Delia shrugged. The only thing she thought about lately was how she couldn’t get pregnant. For four years she had tried with Santo to get knocked up. Santo didn’t know that she was trying to get pregnant with him. And Ted hadn’t known, either. The doctors had said everything looked fine for her. She was thirty-four years old, and it seemed that for no apparent reason she could not conceive. At her age, her mother had already had three kids.

“Do you want some dinner?” he asked. “I could go out and pick something up for us.”

Delia studied him. What could she say? He was lonesome. He still wanted to be with her.

“Take the key. I’m going to take a shower. We can eat after. Okay?” she said.

Ted reached for the keys on the table. “What do you want? Are you hungry?”

“Surprise me, Ted.” And what she wanted was to believe in him again.

Delia went to the bathroom to wash her hair. Ted went to buy their dinner.

9 CUSTOMS

EUROPEAN CLEANERS I WAS LOCATED on First Avenue between Fifty-seventh and Fifty-eighth streets. It was a large dry-cleaning store of its kind—that is, a Manhattan drop shop where dirty clothes were brought, sent to a plant in Brooklyn to be cleaned, then delivered to the customers’ homes. A drop shop shouldn’t have been a thousand square feet of Sutton Place real estate, yet its size was justified by the volume of work handled through there. It was the flagship store of a sixteen-location chain strung across Manhattan and Brooklyn—all owned by an aging Korean immigrant, Seung Ho Kang, who lived in a Georgian brick mansion in Alpine, New Jersey. The flagship and the crown jewel of the European Cleaners dynasty was managed ably by Joseph and Leah Han.

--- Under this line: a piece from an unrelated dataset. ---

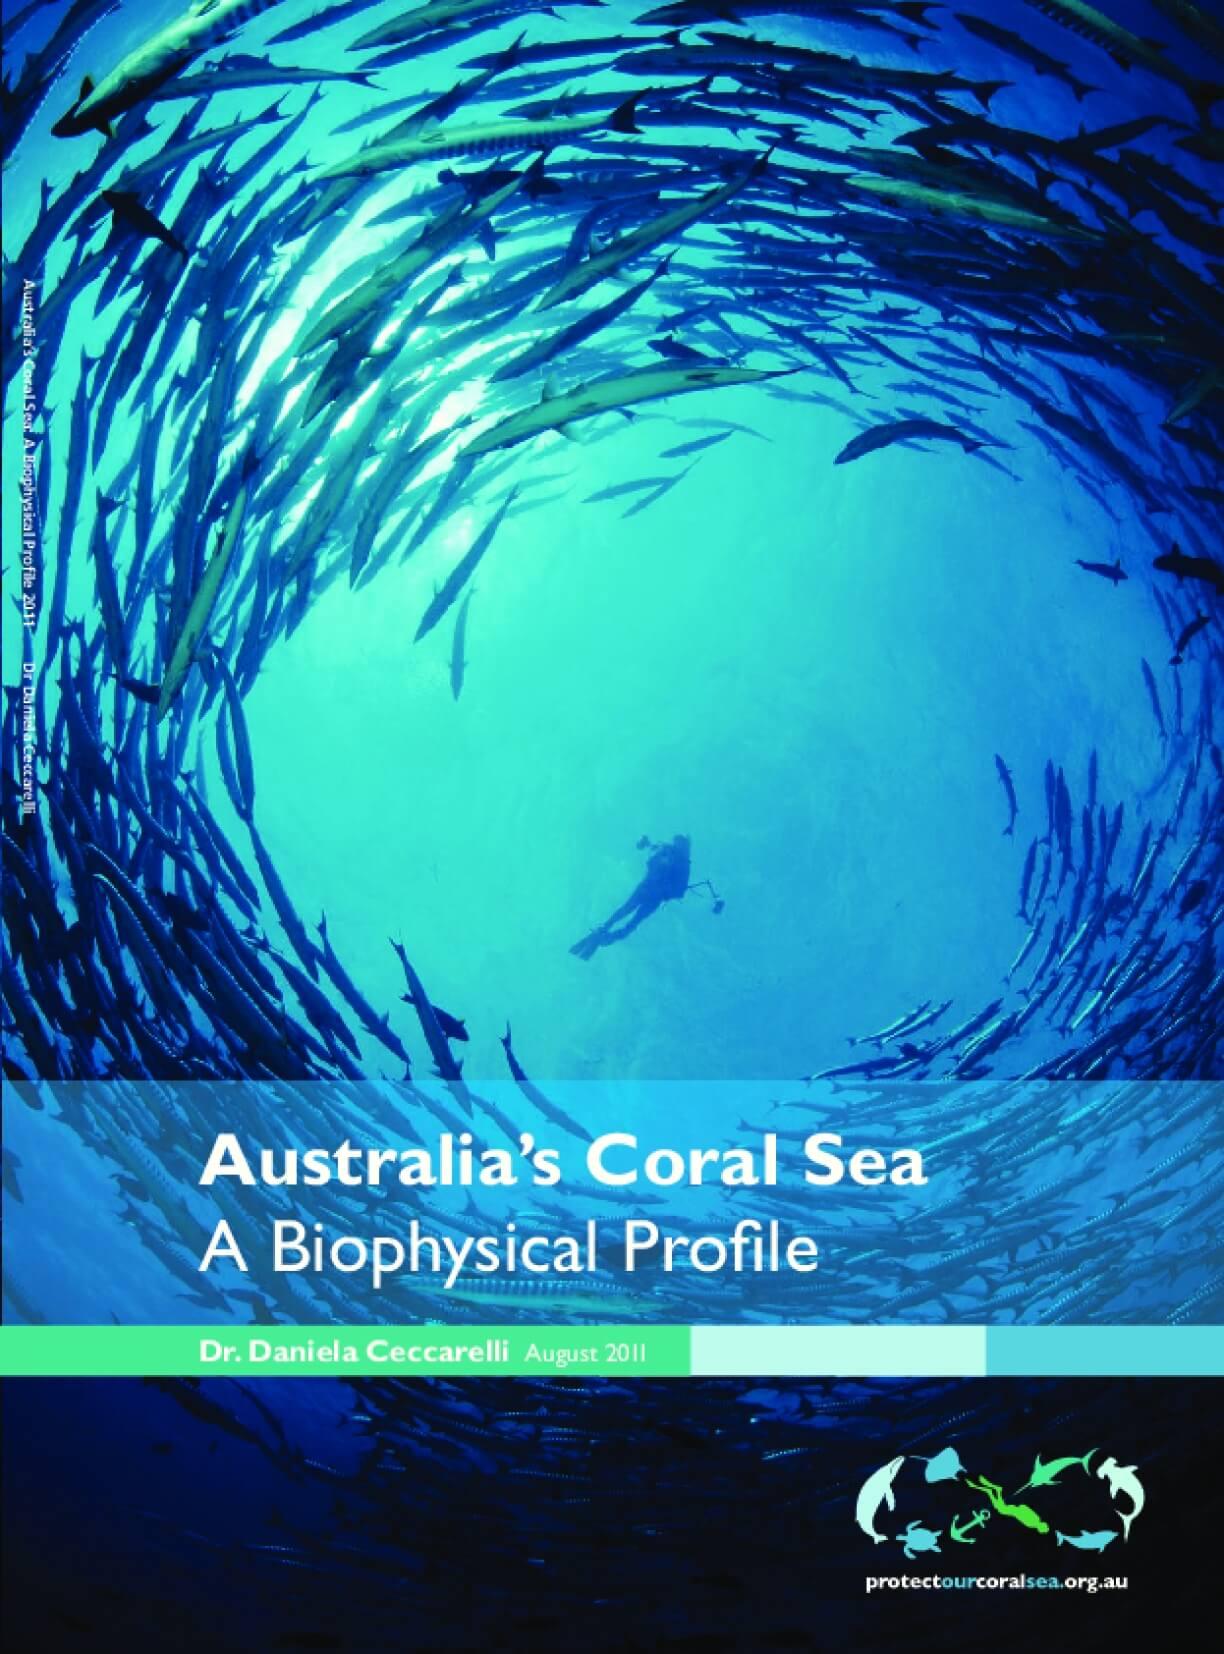 Making the Case to Protect Australia's Coral Sea

Years ago, Mr. Kang, a war refugee with dyed black hair and a barrel waist bisected by a Pierre Cardin belt, confided to Joseph that his sons were all good boys but with shit for brains. “Well,” he said, “that’s what you get for marrying a pretty face with perfect legs—stupid sons.” Mr. Kang possessed a sense of humor about the world and history. “Oh well, what can you do?” He giggled loudly, as if he were getting another one of God’s private jokes. “You’re a blessed man, Han jang-no,” addressing Joseph by his church title as elder, for Mr. Kang was a man who’d found the gospel late in his life but now bought the good news wholesale. “You’ve got a pretty wife and two smart daughters who went to real colleges.” Only one of Mr. Kang’s sons had finished community college, and three had gone straight into their father’s business after high school. Mr. Kang also owned car washes and coin-operated Laundromats in Philadelphia and Bergen County. Mr. Kang’s favorite mottoes were “Everybody loves clean” and “No money, no honey.”